■ **GIVEN INFORMATION**:
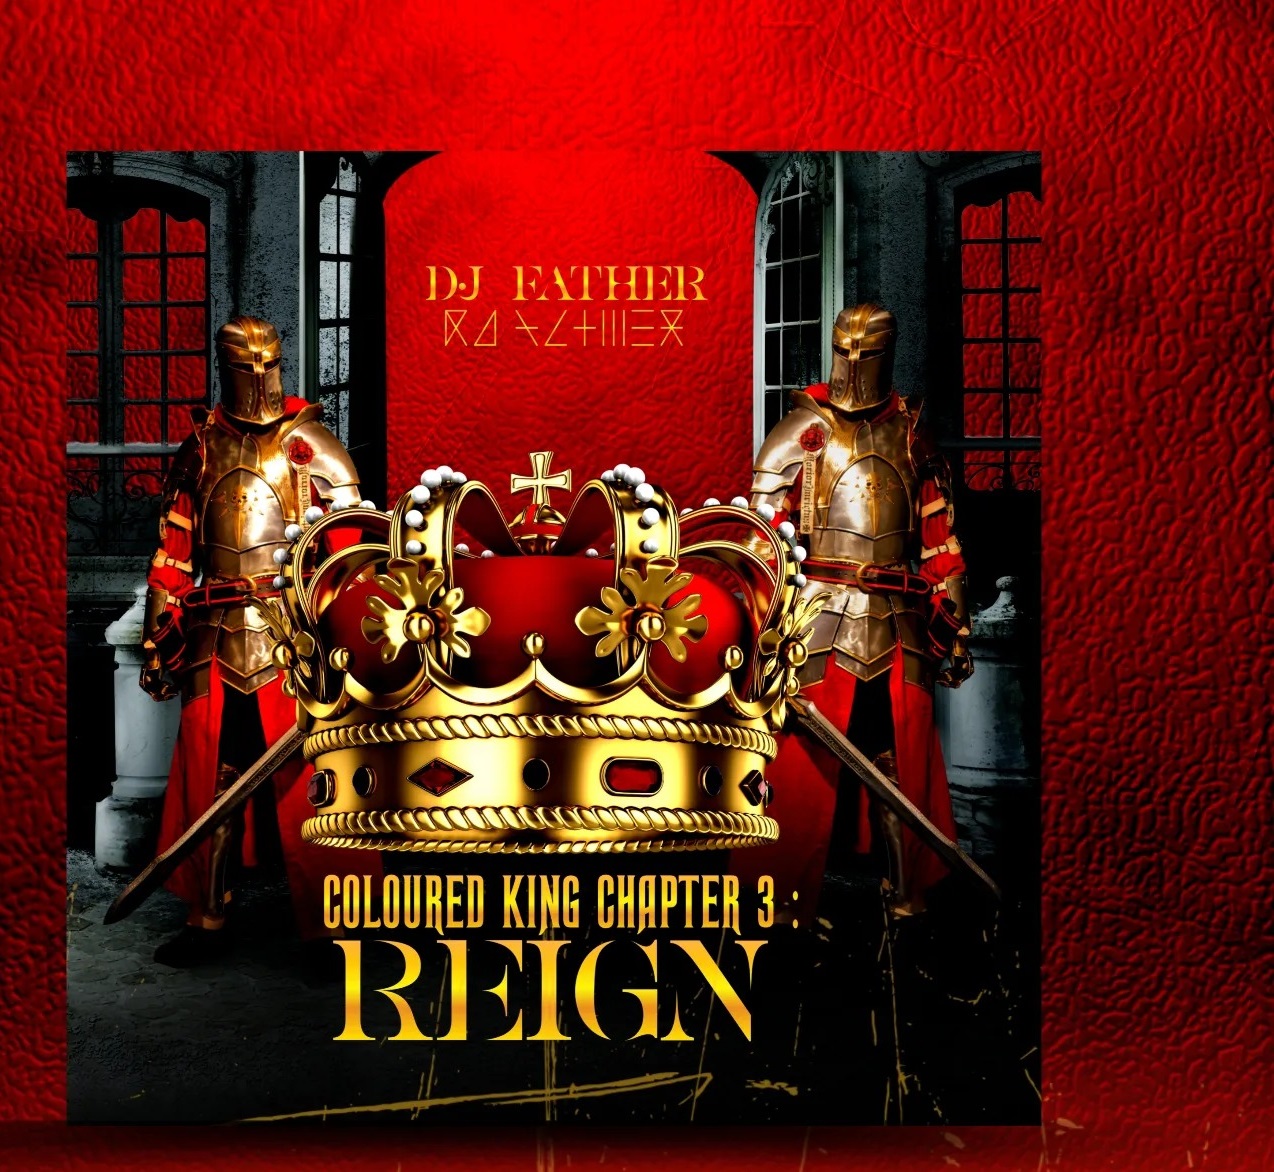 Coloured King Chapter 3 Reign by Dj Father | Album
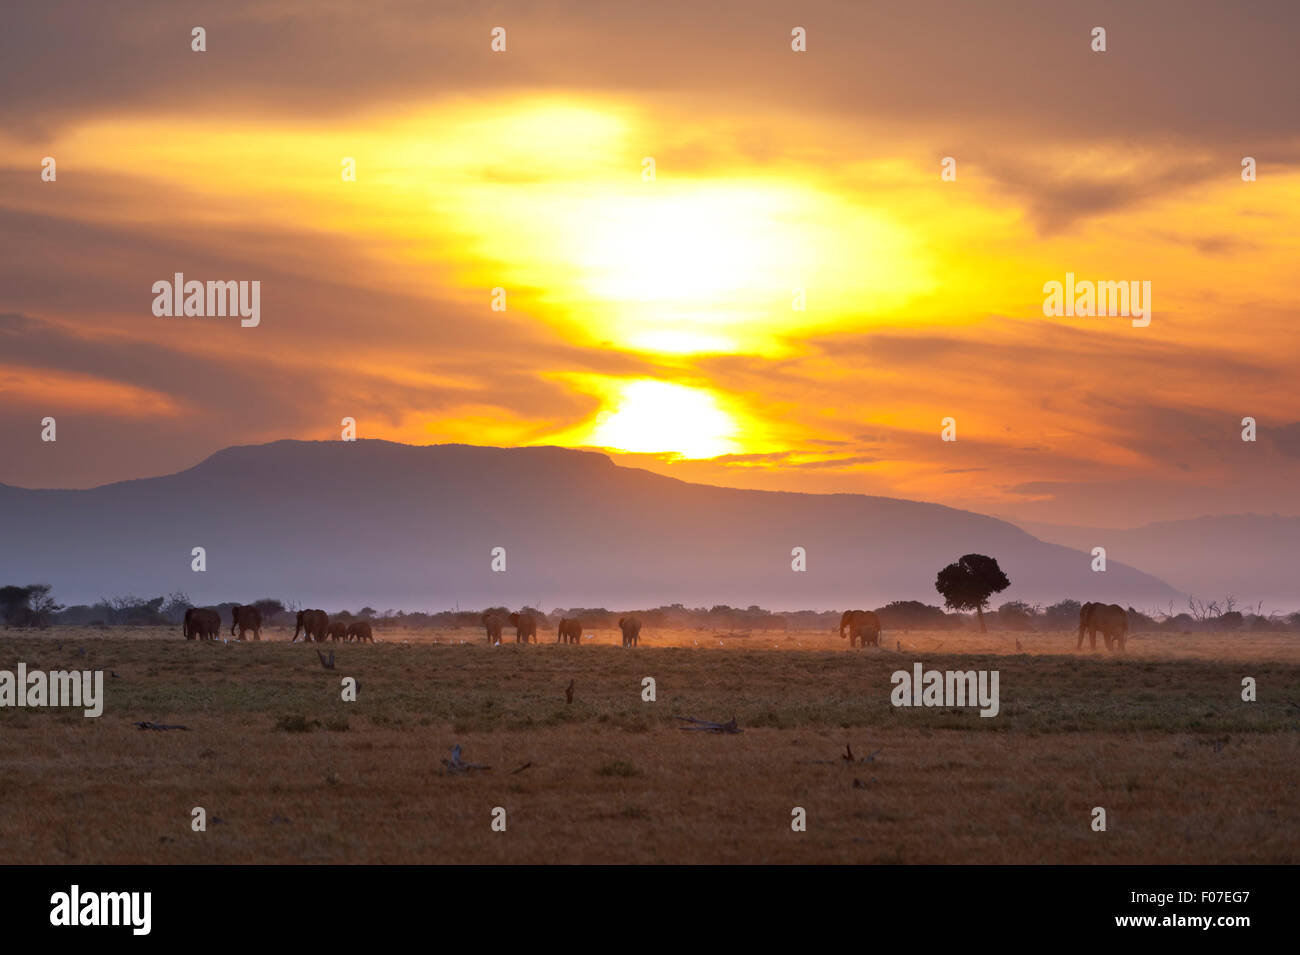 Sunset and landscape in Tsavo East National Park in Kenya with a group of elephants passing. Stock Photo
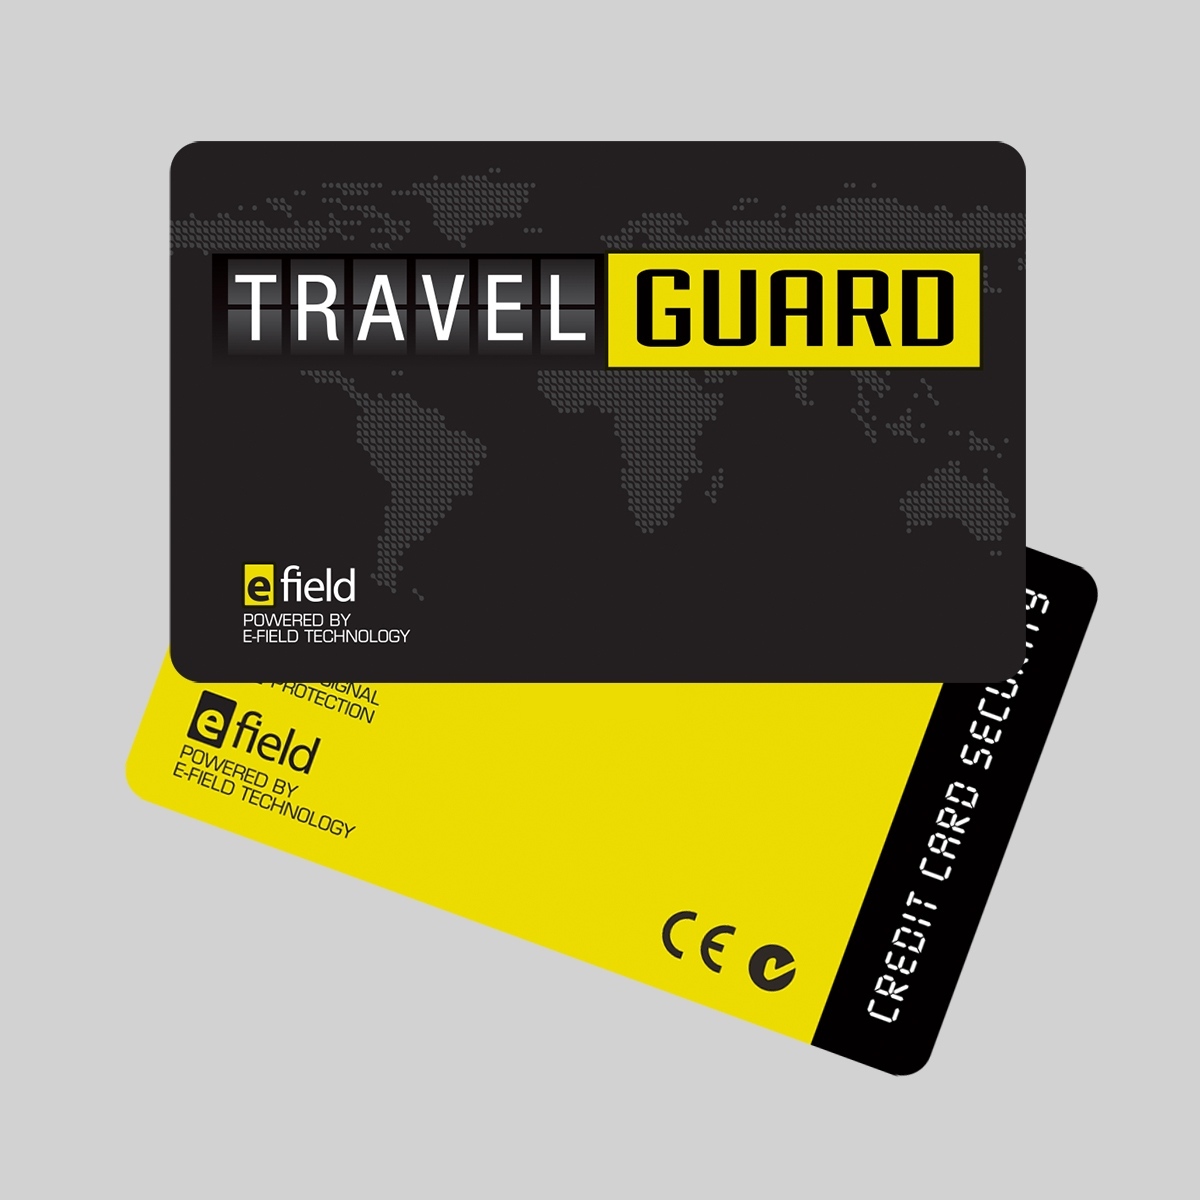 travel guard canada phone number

■ **PROBLEM DESCRIPTION**: From the first line to the last, give the data again exactly, but without pictures.

■ **RESPONSE BOX**:
 Coloured King Chapter 3 Reign by Dj Father | Album
 Sunset and landscape in Tsavo East National Park in Kenya with a group of elephants passing. Stock Photo
 travel guard canada phone number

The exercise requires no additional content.